Generation of Synthetic Images for Pedestrian Detection Using a Sequence of GANs
Viktor Seib, Malte Roosen, Ida Germann, Stefan Wirtz, Dietrich Paulus
TL;DR
This work presents a three-GAN augmentation pipeline that jointly generates semantic maps, inserts pedestrian instances, and translates maps to photo-realistic images to augment pedestrian-detection datasets. By chaining SemGAN, a contextual insertion model, and SPADE, the method leverages semantic-to-image transfer to create synthetic training data, demonstrating improved detection performance for near- and far-range pedestrians when combined with real data. Key contributions include detailing adaptations for handling discrete semantic maps, integrating instance insertion, and evaluating the impact on a YOLOv3 detector, with ablations highlighting the importance of retraining detection heads on synthetic data. The approach addresses data scarcity and domain shift, offering a practical route to expand urban-scene datasets, though it notes bottlenecks in the first step and calls for collecting task-specific training data for all pipeline stages.
Abstract
Creating annotated datasets demands a substantial amount of manual effort. In this proof-of-concept work, we address this issue by proposing a novel image generation pipeline.

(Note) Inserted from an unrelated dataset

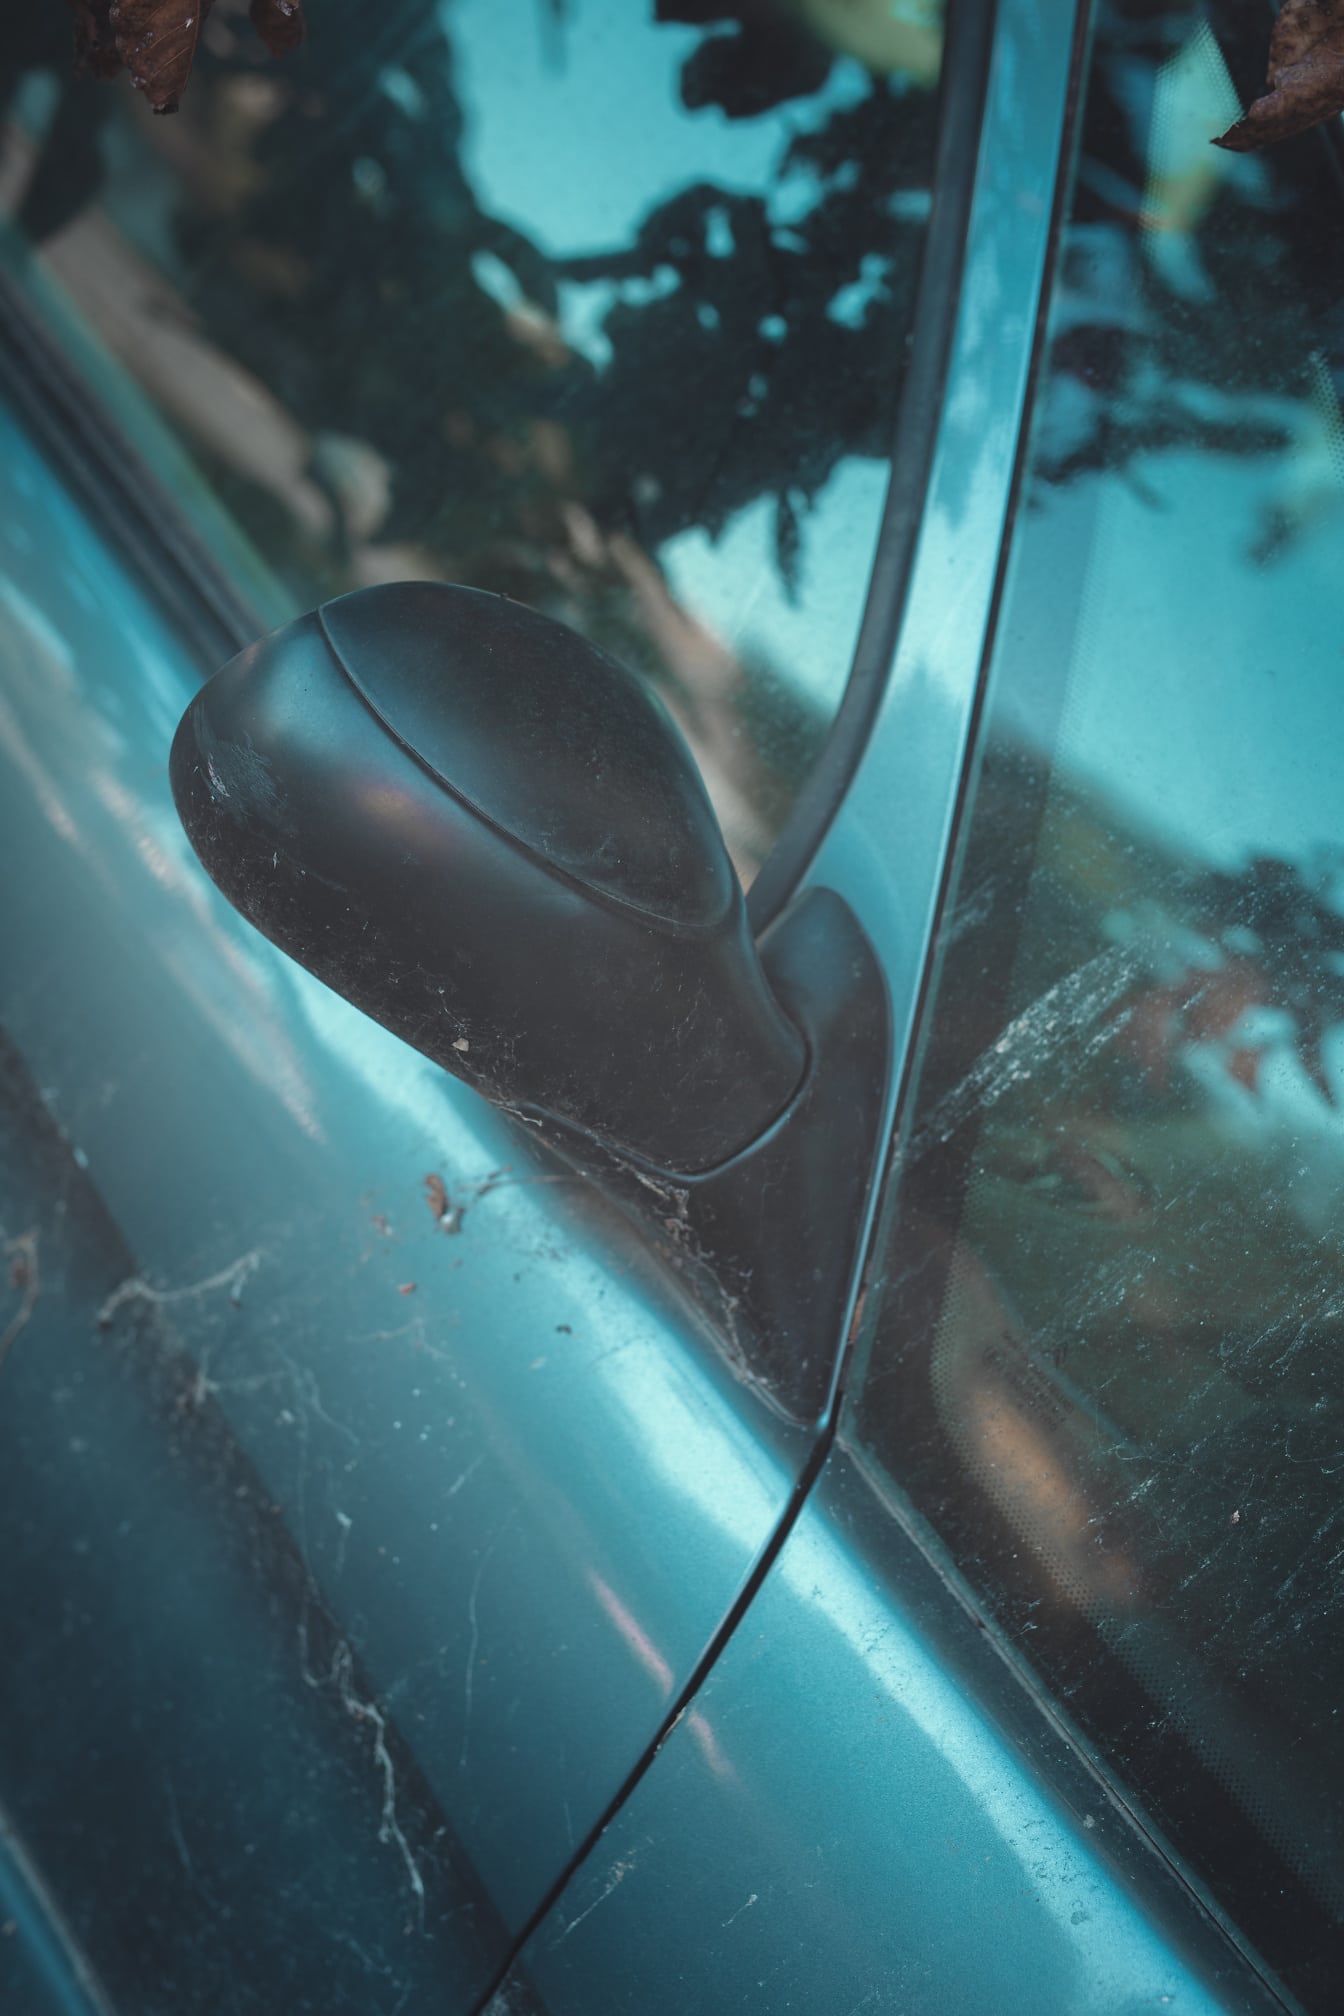 Dettaglio ravvicinato dello specchietto retrovisore dell’auto sporca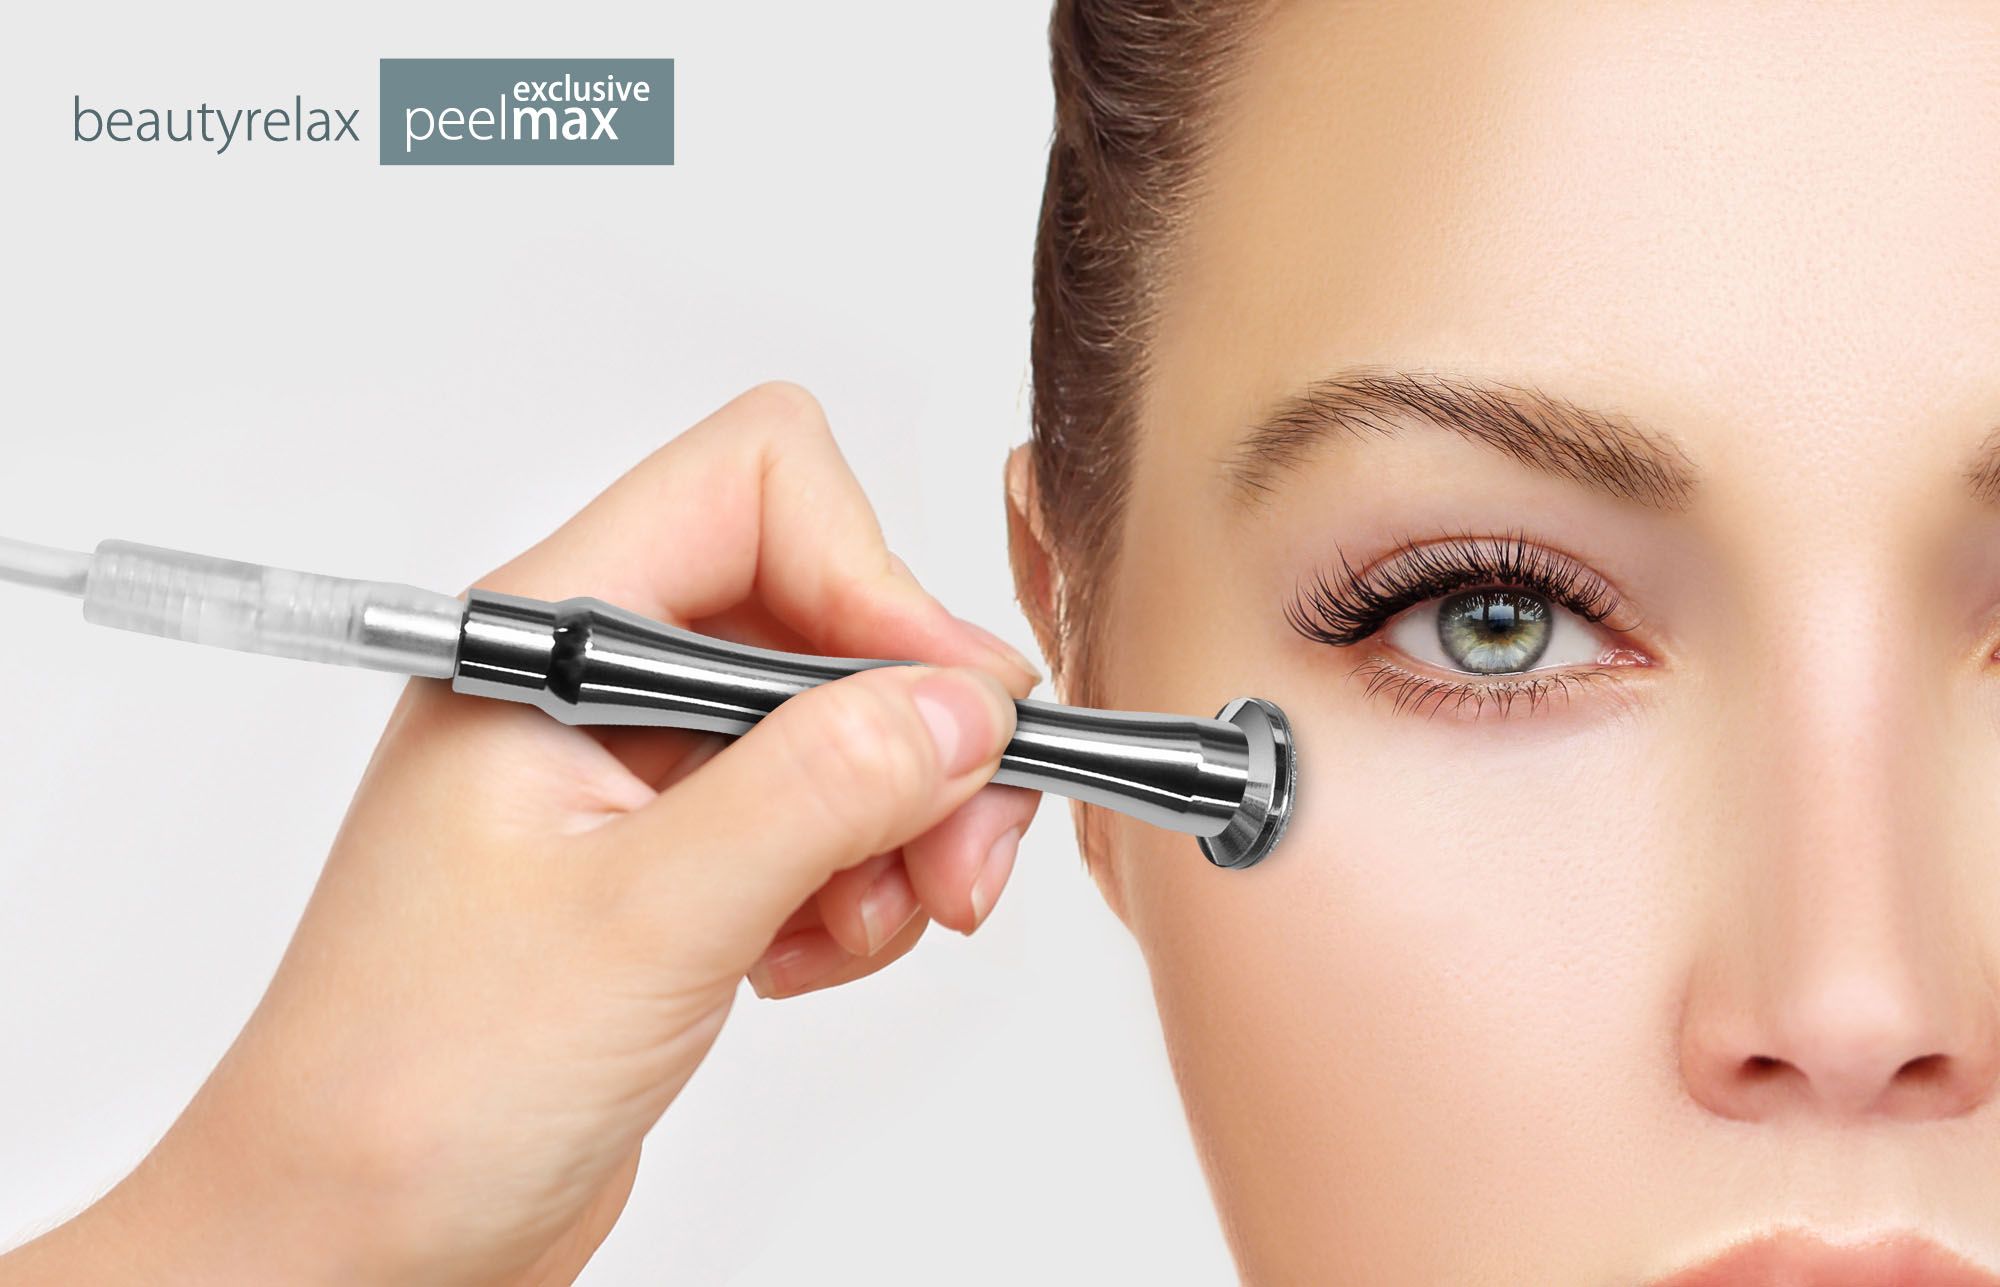 Profesionální přístroj na abrazi pleti BeautyRelax Peelmax Exclusive

The pipeline consists of three distinct generative adversarial networks (previously published), combined in a novel way to augment a dataset for pedestrian detection. Despite the fact that the generated images are not always visually pleasant to the human eye, our detection benchmark reveals that the results substantially surpass the baseline. The presented proof-of-concept work was done in 2020 and is now published as a technical report after a three years retention period.